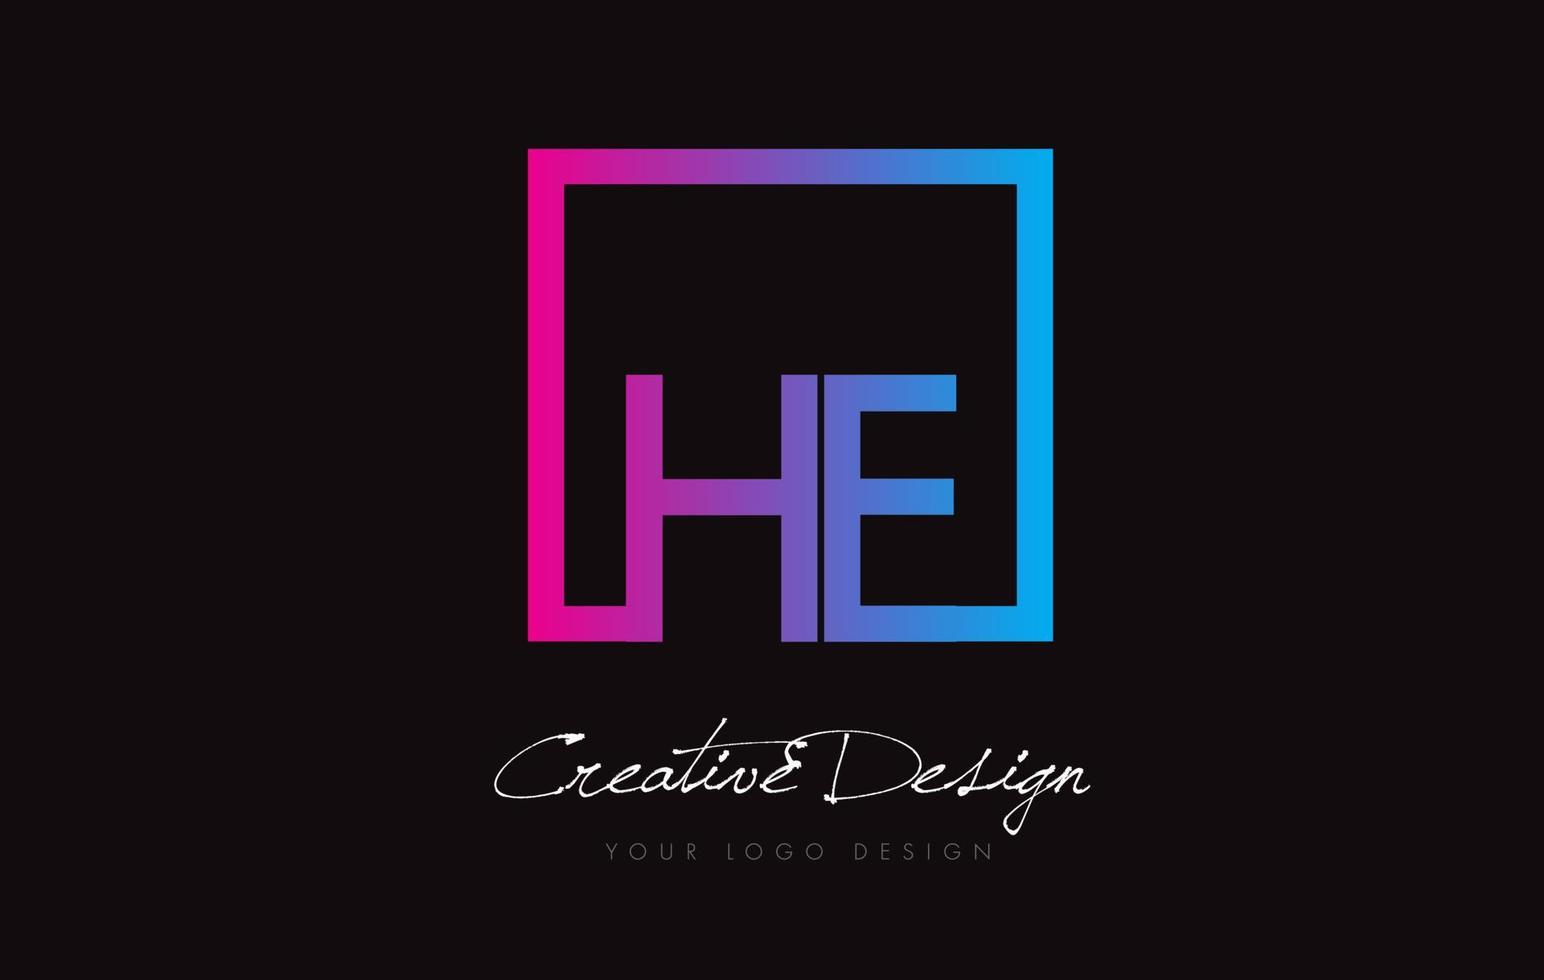 HE Square Frame Letter Logo Design with Purple Blue Colors. vector
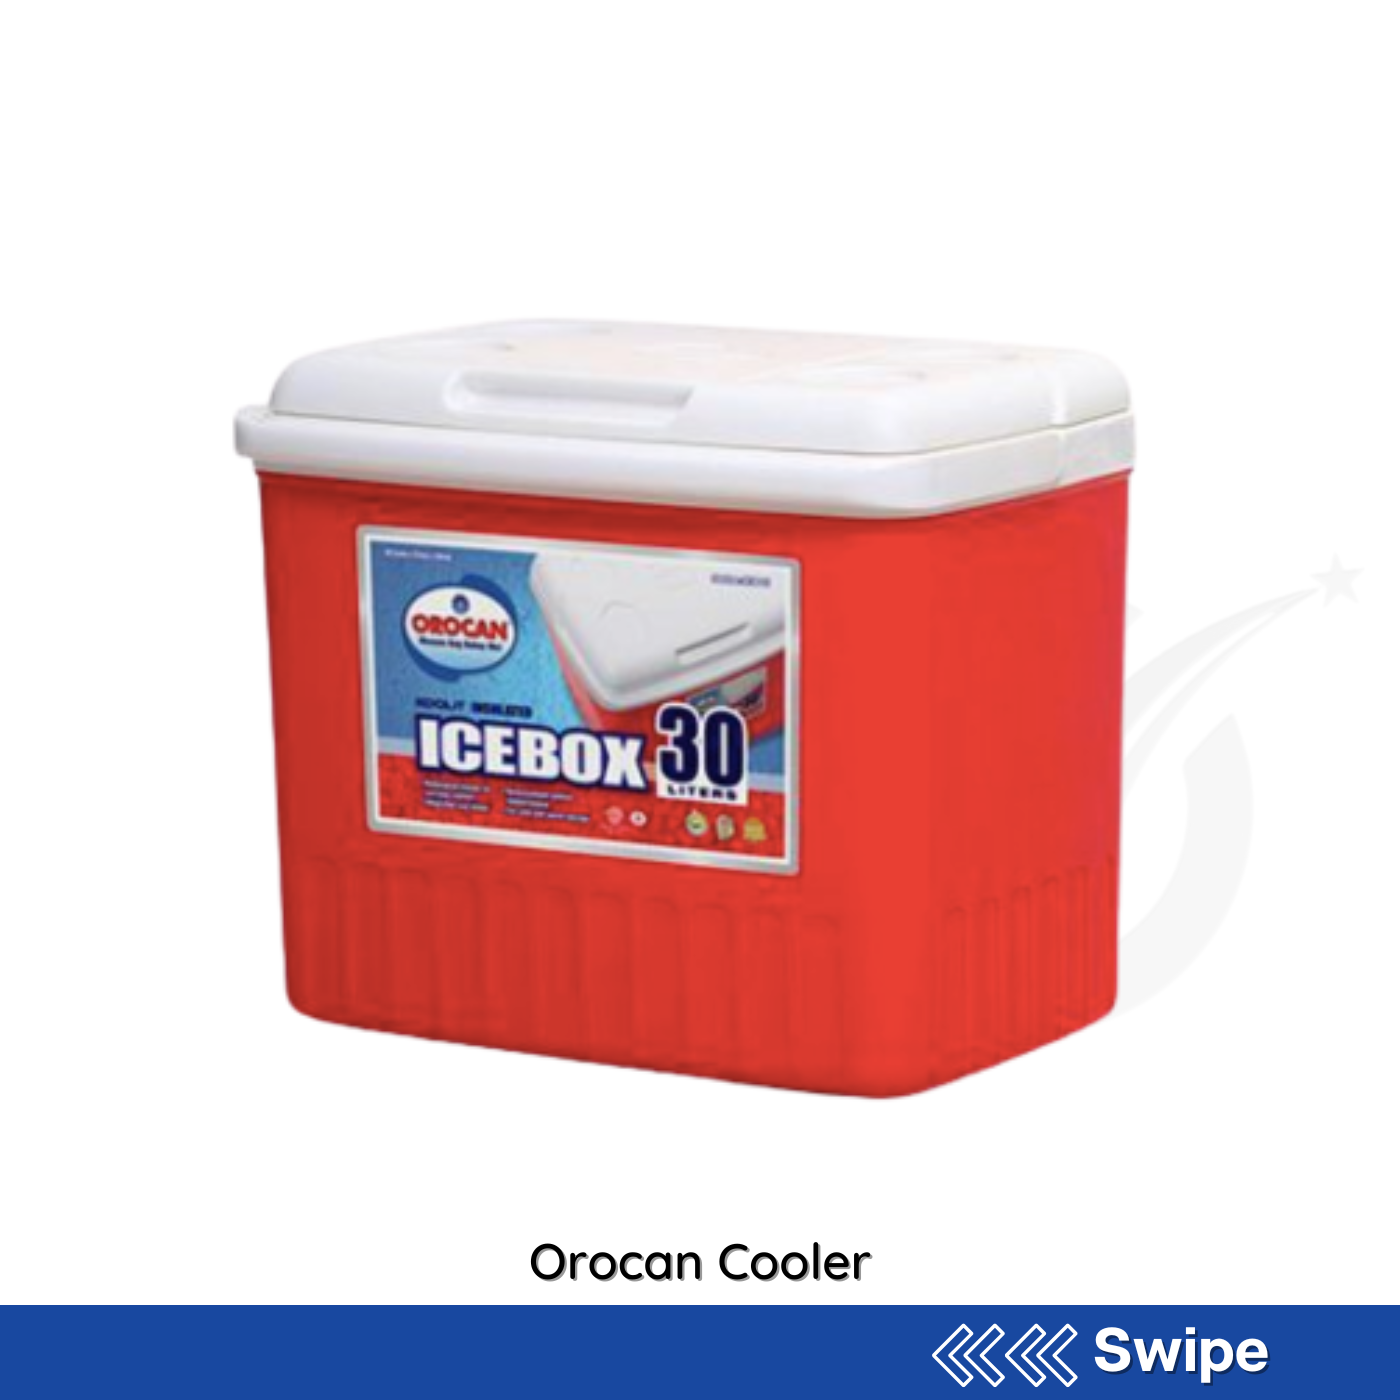 Orocan Cooler - People's Choice Marketing
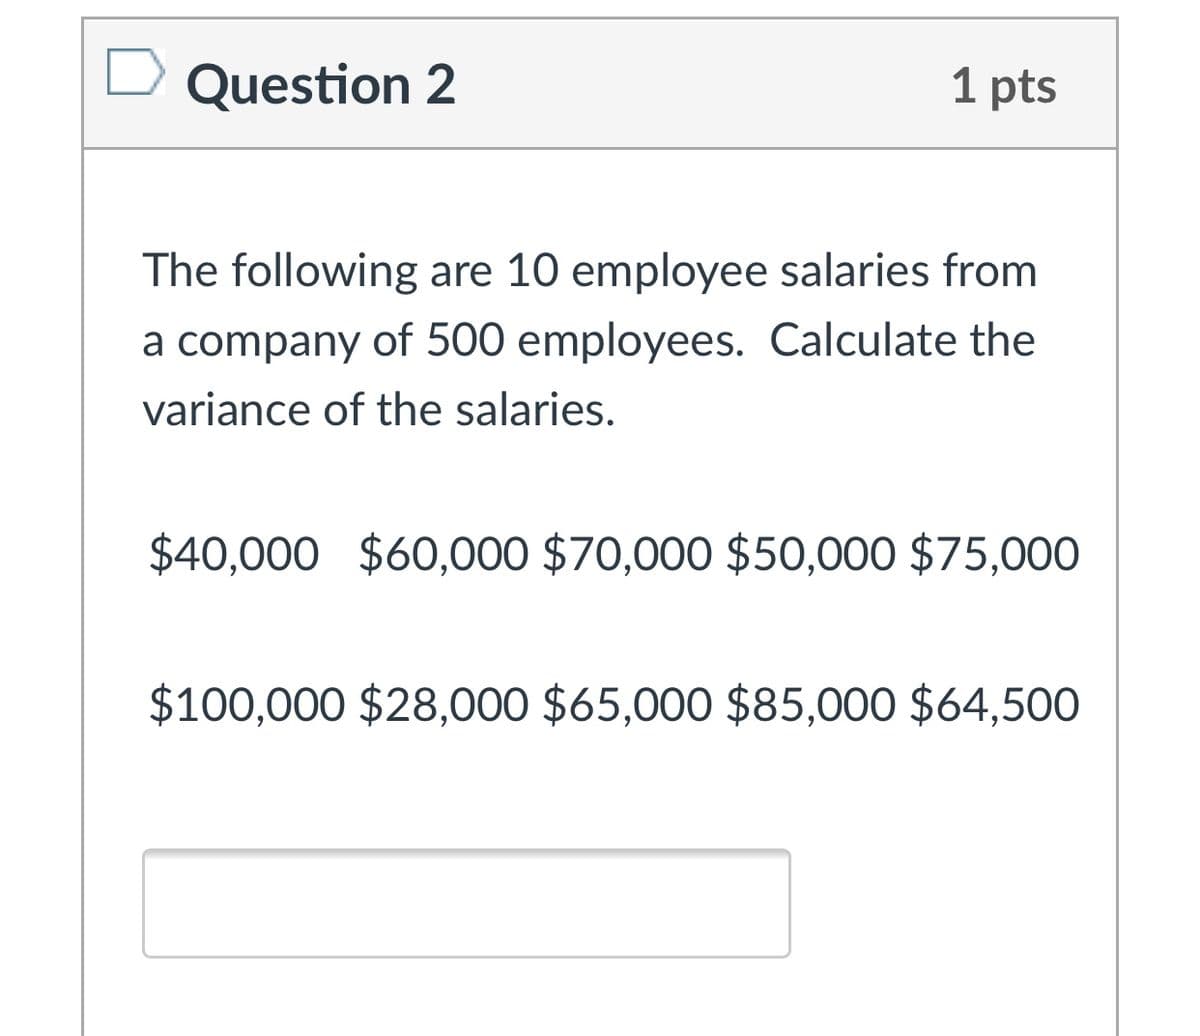 Question 2
1 pts
The following are 10 employee salaries from
a company of 500 employees. Calculate the
variance of the salaries.
$40,000 $60,000 $70,000 $50,000 $75,000
$100,000 $28,000 $65,000 $85,000 $64,500
* * * * * * * * *
■ Assigned task
Could the entries above be written out word for word, with no pictures?

■ Exercise output
 HE Square Frame Letter Logo Design with Purple Blue Colors. vector
 Orocan Cooler - People's Choice Marketing
 Question 2
1 pts
The following are 10 employee salaries from
a company of 500 employees. Calculate the
variance of the salaries.
$40,000 $60,000 $70,000 $50,000 $75,000
$100,000 $28,000 $65,000 $85,000 $64,500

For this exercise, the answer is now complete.